- Ledisol Location in West Bengal, India Ledisol Ledisol (India)
- Coordinates: 22°58′54″N 86°51′48″E﻿ / ﻿22.9816°N 86.8634°E
- Country: India
- State: West Bengal
- District: Bankura

Area
- • Total: 1.405 km^{2} (0.542 sq mi)

Population (2011)
- • Total: 5,056
- • Density: 3,599/km^{2} (9,320/sq mi)

Languages*
- • Official: Bengali, Santali, English
- Time zone: UTC+5:30 (IST)
- PIN: 722140
- Telephone/STD code: 03243
- Lok Sabha constituency: Bankura
- Vidhan Sabha constituency: Ranibandh
- Website: bankura.gov.in

= Ledisol =

Ledisol is a census town in the Khatra CD block in the Khatra subdivision of the Bankura district in the state of West Bengal, India.

==Geography==

===Location===
Ledisol is located at .

===Area overview===
The map alongside shows the Khatra subdivision of Bankura district. Physiographically, this area is having uneven lands with hard rocks. In the Khatra CD block area there are some low hills. The Kangsabati project reservoir is prominently visible in the map. The subdued patches of shaded area in the map show forested areas It is an almost fully rural area.

Note: The map alongside presents some of the notable locations in the subdivision. All places marked in the map are linked in the larger full screen map.

==Demographics==
According to the 2011 Census of India, Ledisol had a total population of 5,056, of which 2,582 (51%) were males and 2,474 (49%) were females. There were 447 persons in the age range of 0–6 years. The total number of literate persons in Ledisol was 4,235 (91.89% of the population over 6 years).

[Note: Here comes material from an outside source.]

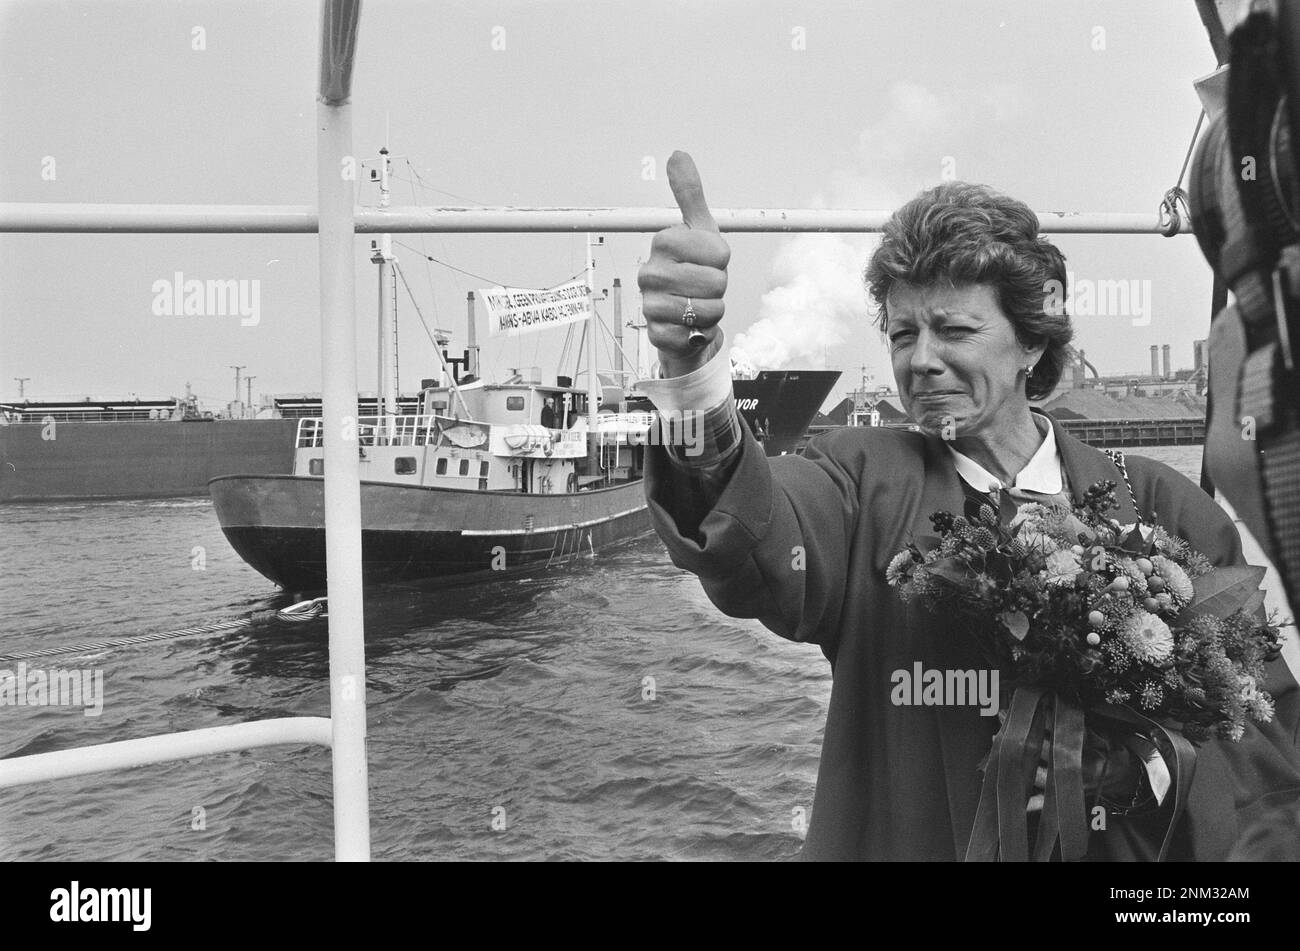 Nuovo canale IJ IJmuiden aperto; il ministro Smit Kroes alza il pollice ca. 1985 Foto Stock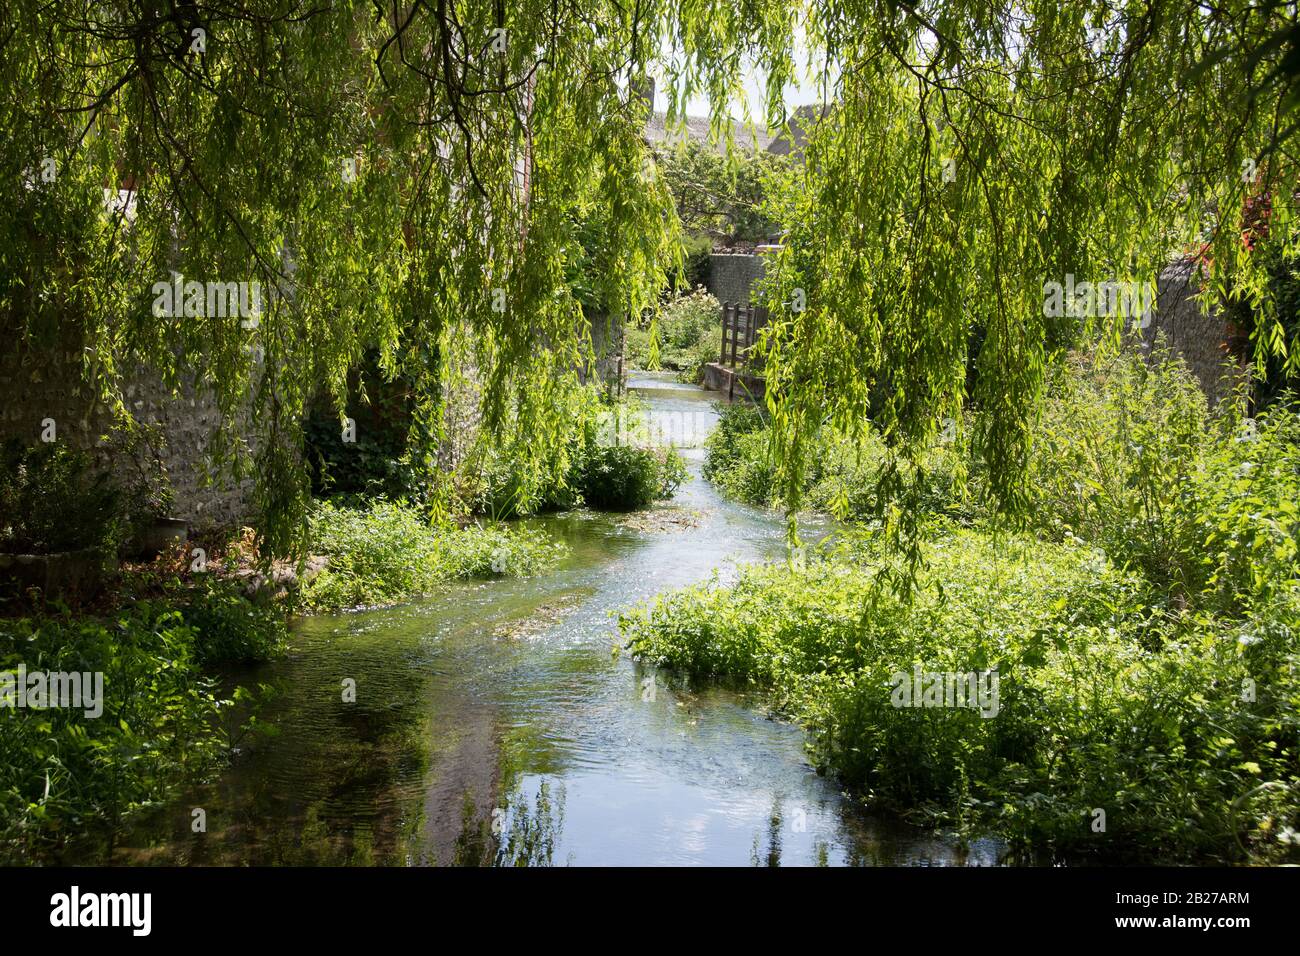 Willow albero che cresce accanto ad un fiume e sovrasta Foto Stock

.*For language details see Khatra (community development block)#Language and religion

==Infrastructure==
According to the District Census Handbook 2011, Bankura, Ledisol covered an area of 1.405 km^{2}. Among the civic amenities, it had 13.5 km of roads, the protected water supply involved tap water from treated sources, tubewell/ borewell. It had 670 domestic electric connections, 272 road lighting points. Among the medical facilities it had 1 dispensary/ health centre, 1 family welfare centre, 1 maternity and child welfare centre, 4 medicine shops. Among the educational facilities it had were 2 primary schools, 1 middle school, 1 secondary school, 1 senior secondary school, the nearest general degree college at Supur 4 km away. It had 2 non-formal education centres (Sarva Shiksha Abhiyan). Among the social cultural and recreational facilities, it had 1 cinema theatre, 1 auditorium/ community hall, 1 public library, 1 reading room. The three most important commodities it manufactured were rice, wheat, mustard oil. It had the branch of 1 cooperative bank.